HollyGoLoudly1 · 01/03/2020 12:03

A 23 year old is taking legal action against the NHS for giving her treatment to transition to male as a teenager. She has since decided to live as a female and is taking legal action against the NHS as they should have 'challenged her' more when she wanted to transition rather than giving her the treatment.

The NHS can't do right for doing wrong here. Cash strapped to the point of collapse and being sued for giving someone the treatment they asked for. I despair.

AIBU or is this absolutely ludicrous?

www.bbc.co.uk/news/health-51676020
from MNHQ - this title and OP originally said the person concerned was suing the NHS. They are in fact just taking legal action. The OP has asked us to make this clear but you may find some of the early posts reflect the words in the original title

OP posts:
Thread gallery
10
McCanne · 01/03/2020 12:32

With regards to ‘the NHS can’t win’ - they can try and do right.
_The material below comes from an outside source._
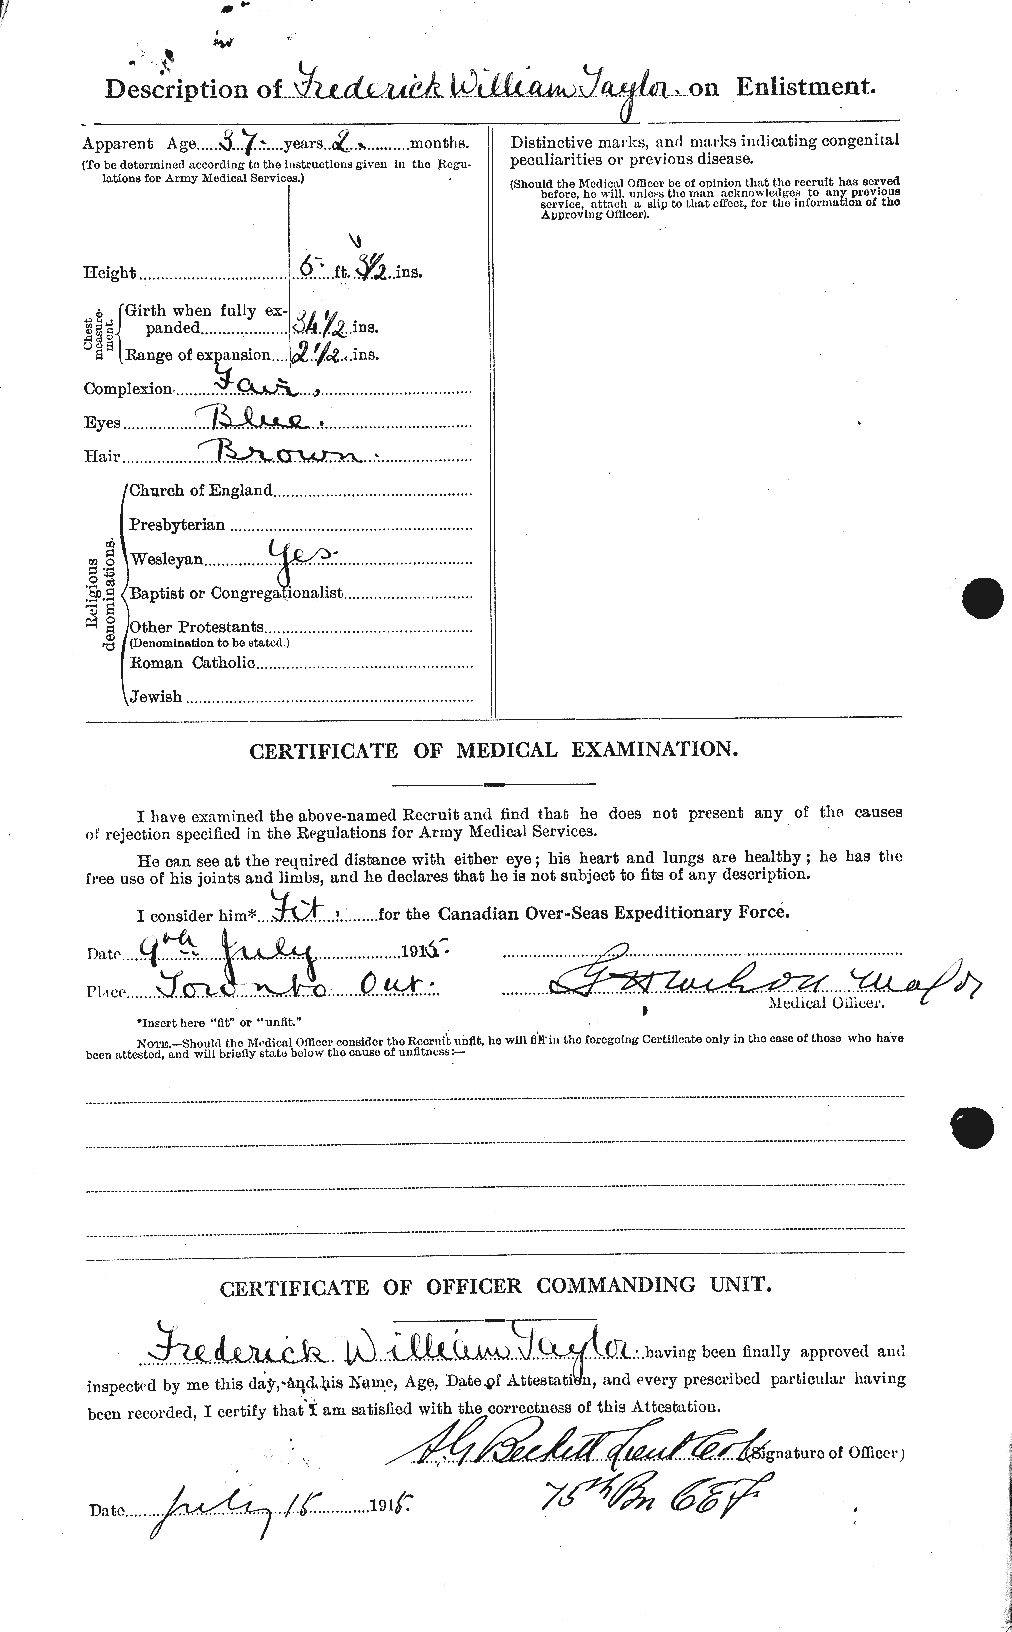 Dossiers du Personnel de la Première Guerre mondiale - CEC 625823b

BaolFan · 01/03/2020 12:33

RoryGillmoresEvilTwin Many parents are stuck between a rock and a hard place. They are told that if they offer anything other than unquestioning support then their child is at risk of suicide, and that they are bigots and transphobic if they challenge the 'treatment' being offered. Schools, youth groups, charities and even social services in some cases, are telling children that their feelings and wishes are paramount and that their parents do not have to be consulted or even told about a child expressing an interest in transitioning.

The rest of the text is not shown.